Submitted to: Aquaculture America Conference
Publication Type: Abstract Only
Publication Acceptance Date: 11/10/2011
Publication Date: 2/29/2012
Citation: Wolters, W.R., Burr, G.S., Barrows, F., Hardy, R.W. 2012. Evaluation of family growth responses in Atlantic salmon (Salmo salar)fed two fishmeal free diets and a fishmeal reference diet [abstract]. Aquaculture America Conference. p. 594. Interpretive Summary:
Technical Abstract: Improvements have been made in the development of cost-effective salmonid diets while maintaining optimal growth.
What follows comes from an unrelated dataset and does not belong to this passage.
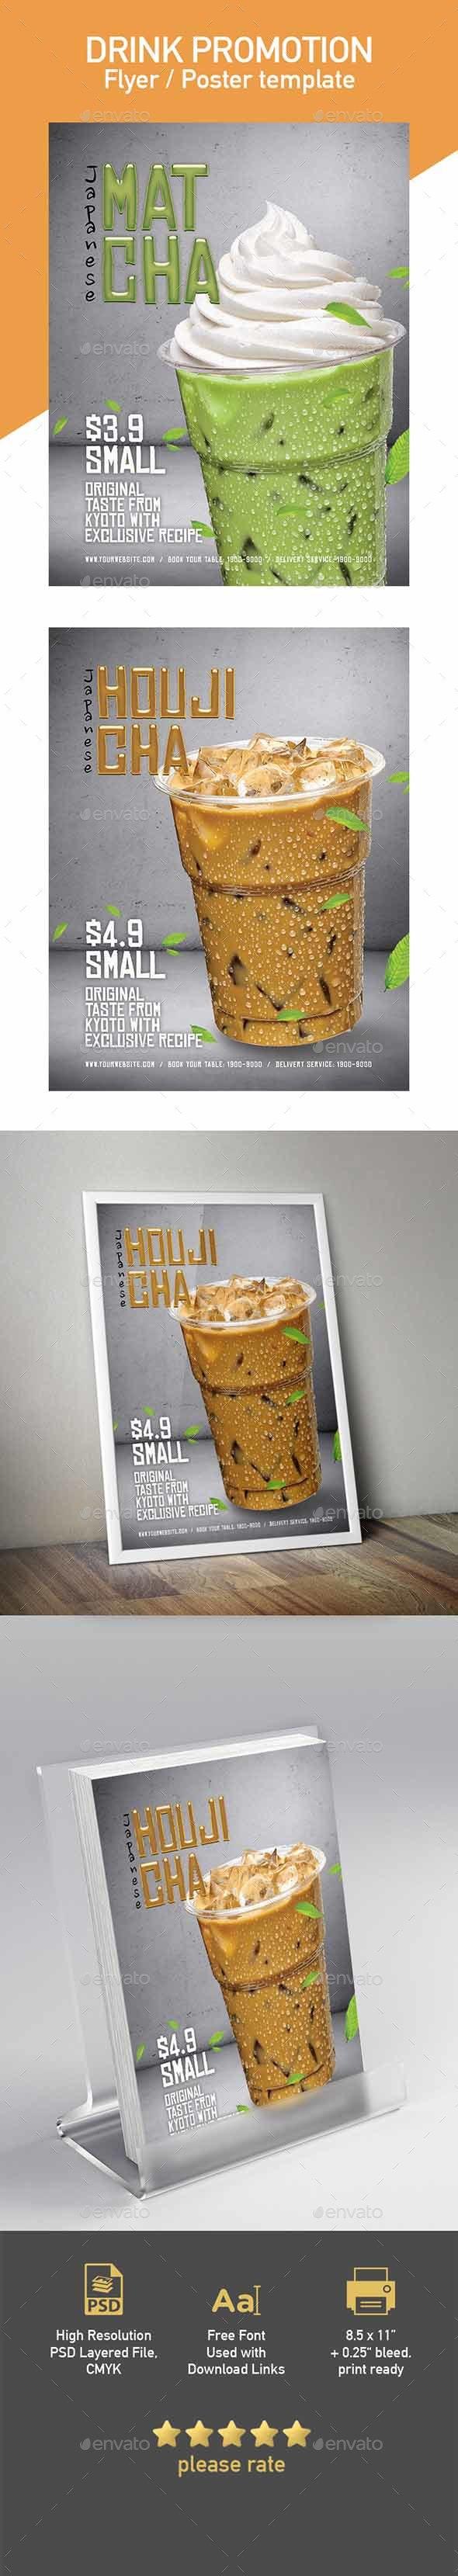 Matcha & Houjicha Flyer / Poster Template - Flyers Print Templates

Due to these changes in diets it is important to evaluate the response of families in breeding programs to determine if interactions between families and diets are observed. This study evaluated family growth responses in Atlantic salmon fed three different diets (two fishmeal free diets and one fishmeal control diet) for 18 weeks. Pit tagged salmon (mean weight 182.22 +/- 1.70 g) from 37 families were stocked communally (5 fish per family) into triplicate tanks. Fish were fed at 1.5% of their body weight for the first six weeks, 1.0% of their body weight for the next six weeks, and 0.75% of their body weight for the final 6 weeks. Fish grew to an average final weight of 591.97 +/- 5.44g. There was a significant difference in growth between diets with fish fed an plant protein blend diet (mean weight gain 423.44 g) having significantly greater gain compared to fish fed the fishmeal reference diet (mean weight gain 395.47 g), but not significantly different than a poultry/plant protein blend diet (mean weight gain 411.15 g). There were also significant differences in growth among families. We did not detect a family x diet effect, indicating that salmon performing best on the fishmeal diet also had good performance on the fishmeal free diets formulated with alternative feed ingredients. Results show that Atlantic salmon in a breeding program selected for growth when fed a typical fish meal diet will also have superior performance when fed diets containing alternative protein sources.